> _Problem statement_: Could you write out, exactly as they stand, only the lines in the listing below from the line with "毎月分離する中断キーツ(keats) モイストパック 80g[並行輸入品]" to the line with "De la Lune à", both ends included, without the pictures?

> _Provided material_:

────

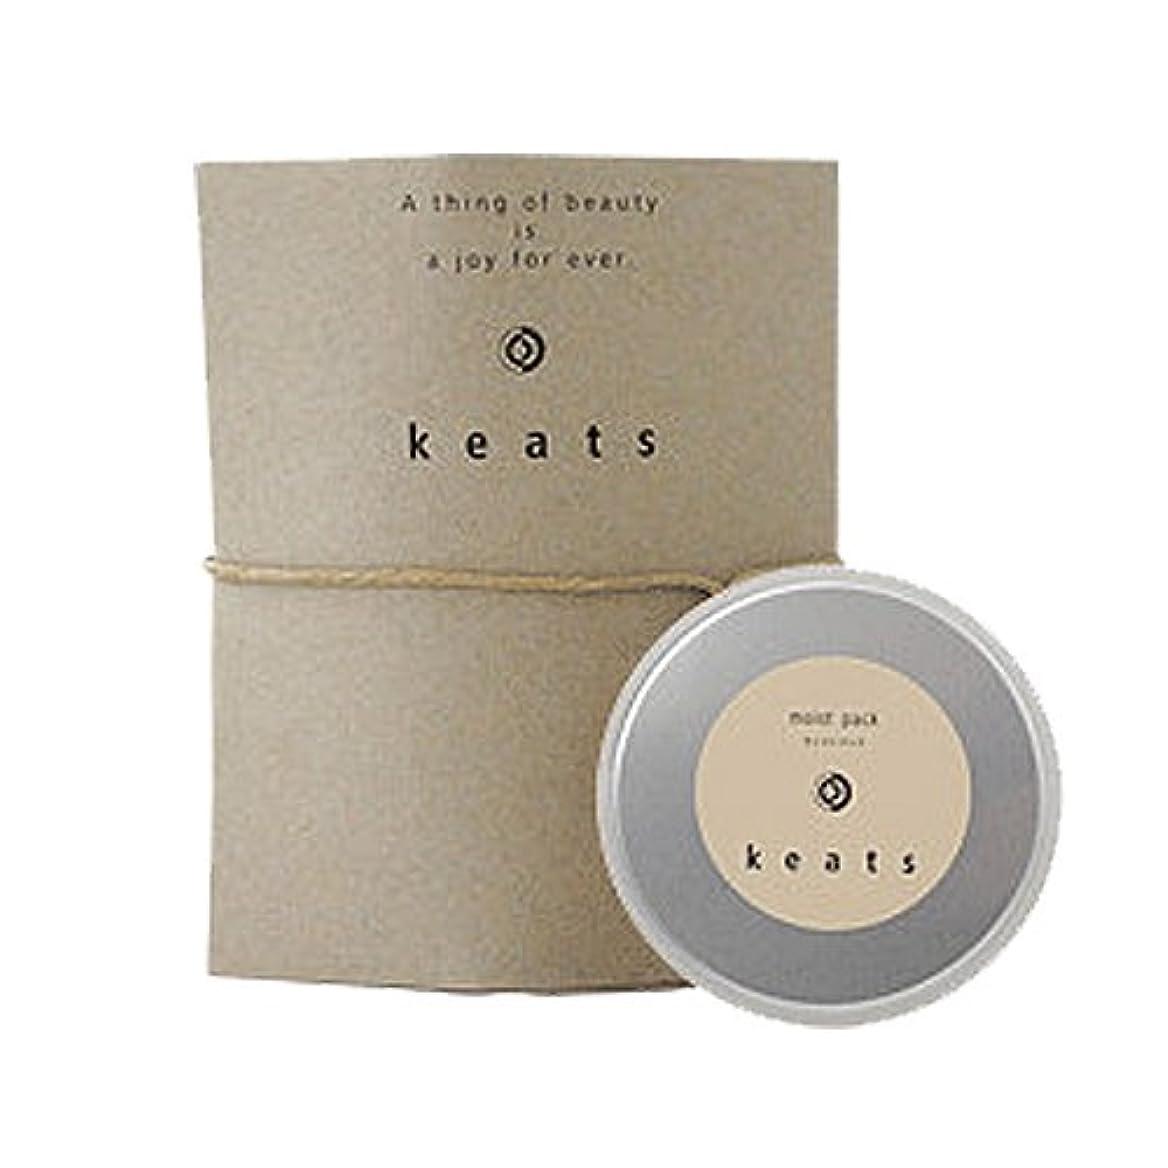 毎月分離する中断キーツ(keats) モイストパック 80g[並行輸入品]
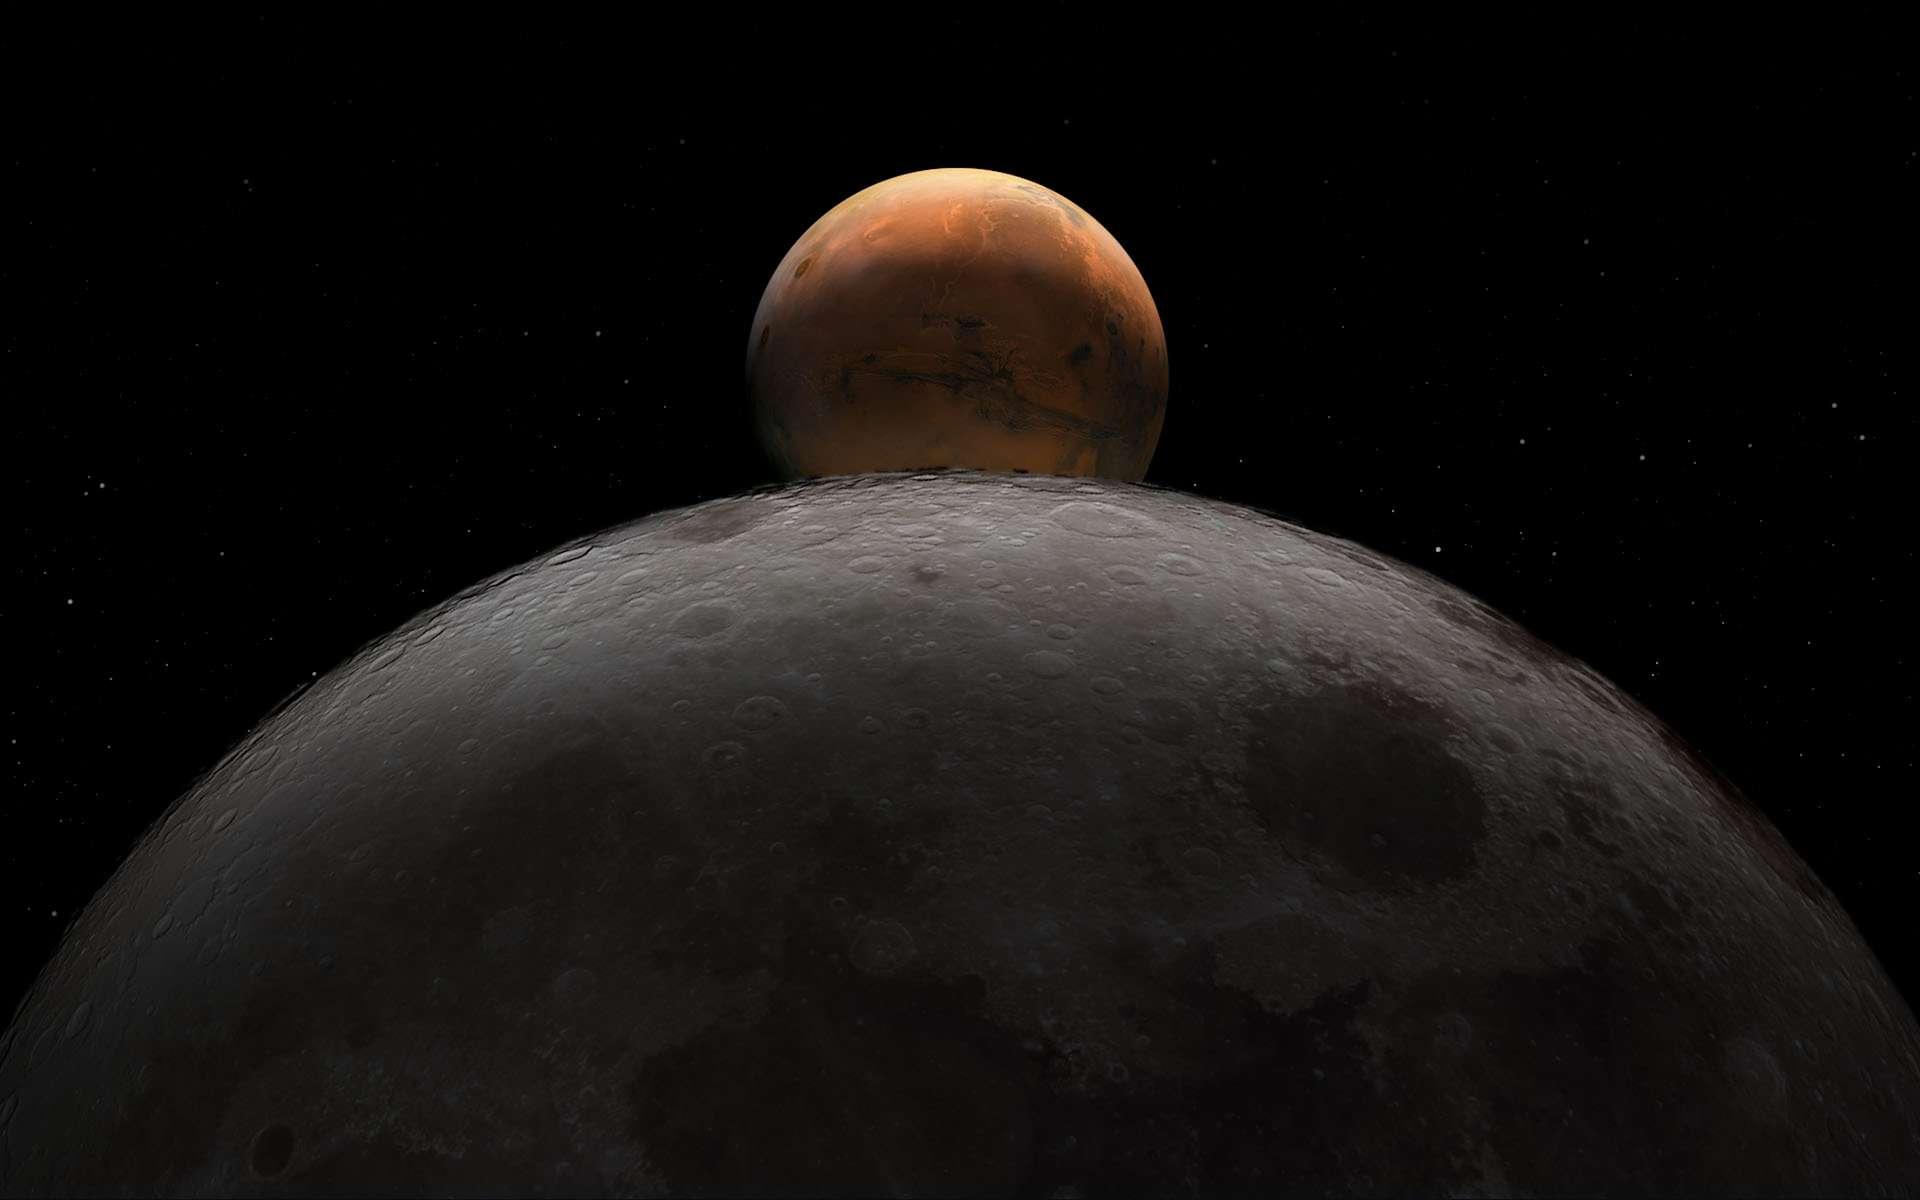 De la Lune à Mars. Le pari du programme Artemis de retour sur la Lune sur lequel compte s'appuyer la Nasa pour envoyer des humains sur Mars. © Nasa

────

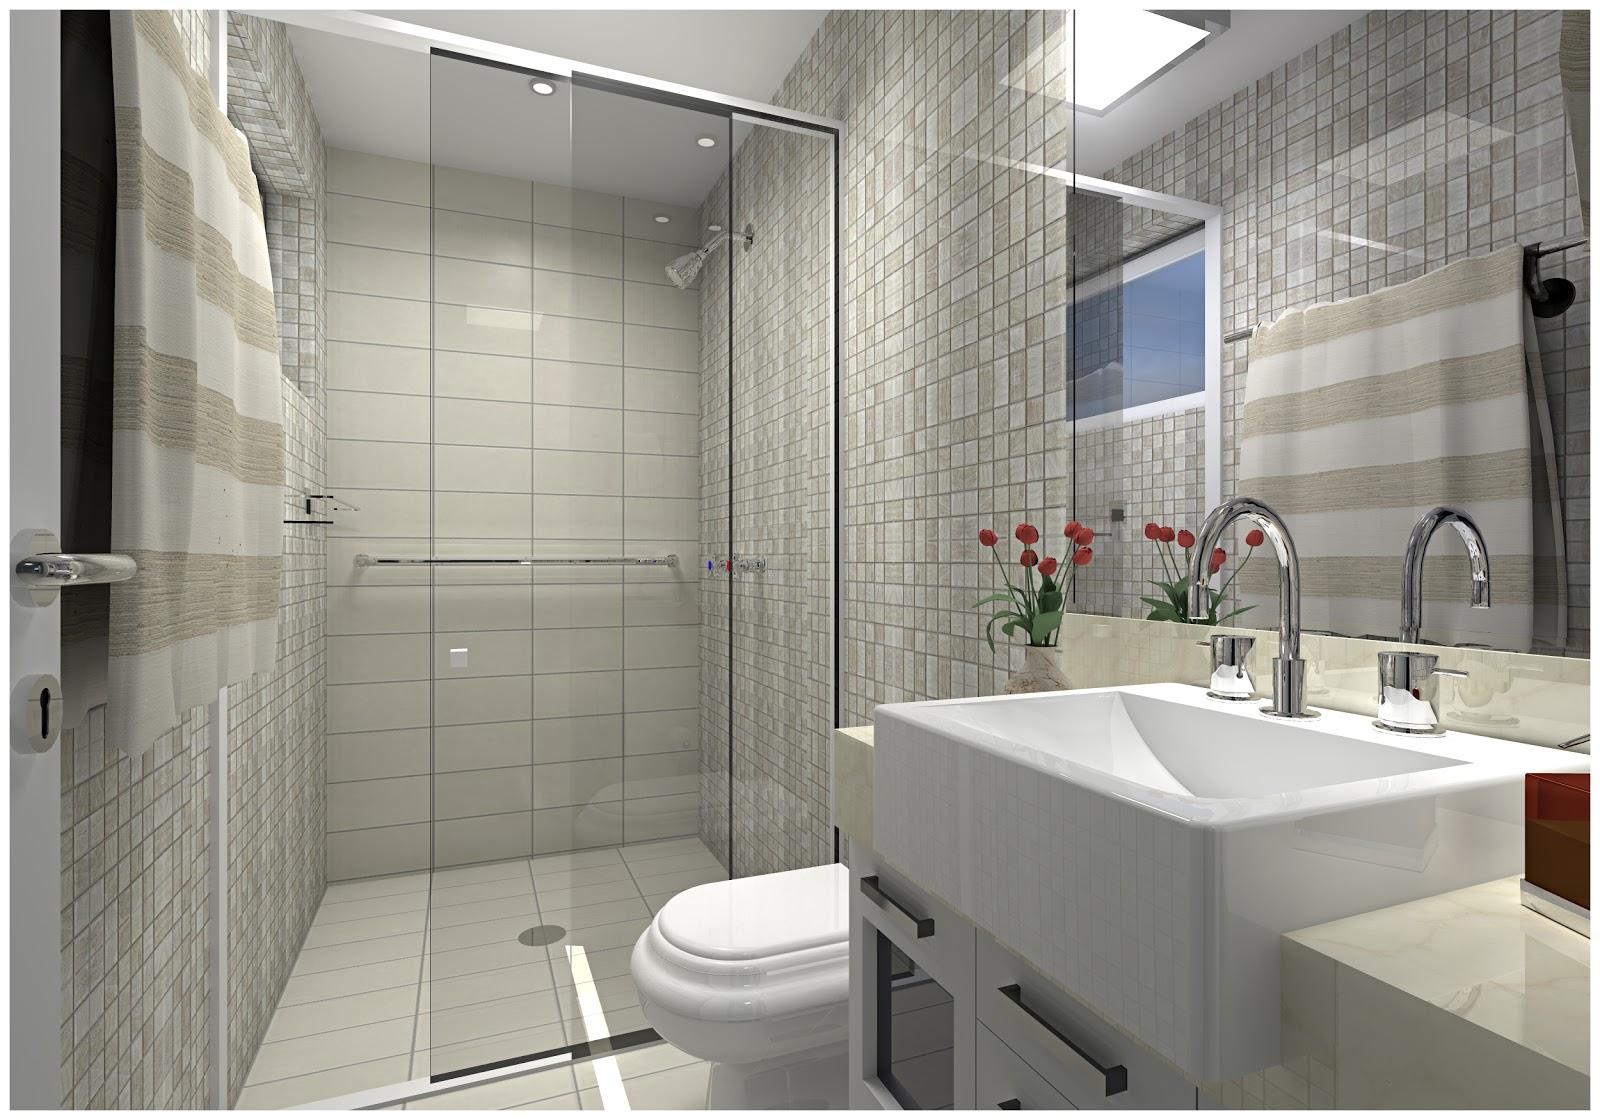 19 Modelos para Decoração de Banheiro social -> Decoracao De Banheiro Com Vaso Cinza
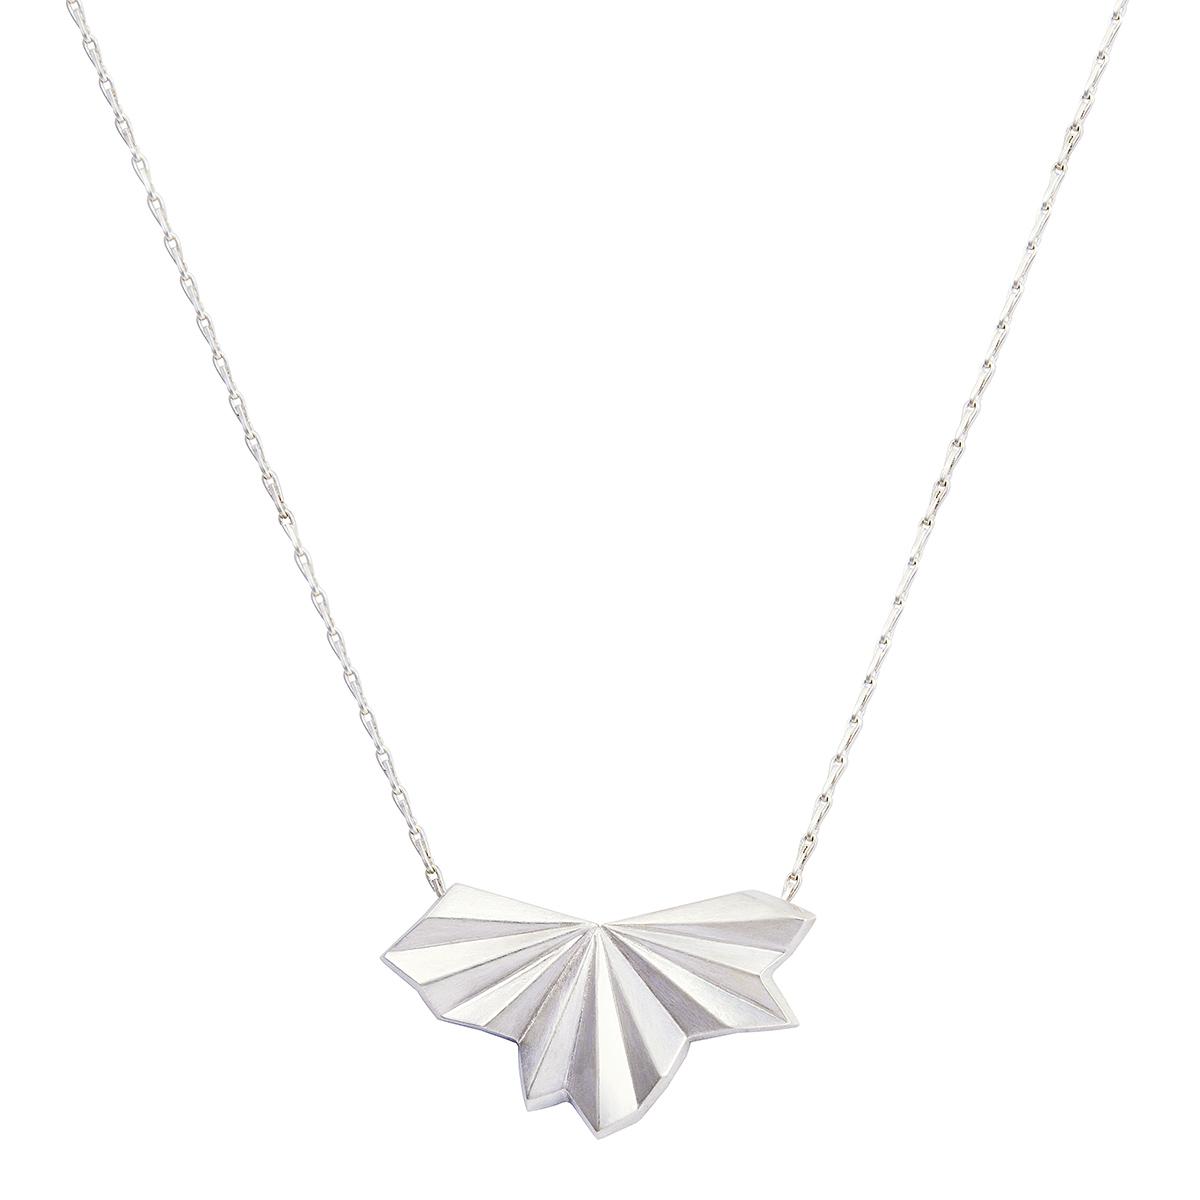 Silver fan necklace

────

> _Your solution_:
 毎月分離する中断キーツ(keats) モイストパック 80g[並行輸入品]
 De la Lune à Mars. Le pari du programme Artemis de retour sur la Lune sur lequel compte s'appuyer la Nasa pour envoyer des humains sur Mars. © Nasa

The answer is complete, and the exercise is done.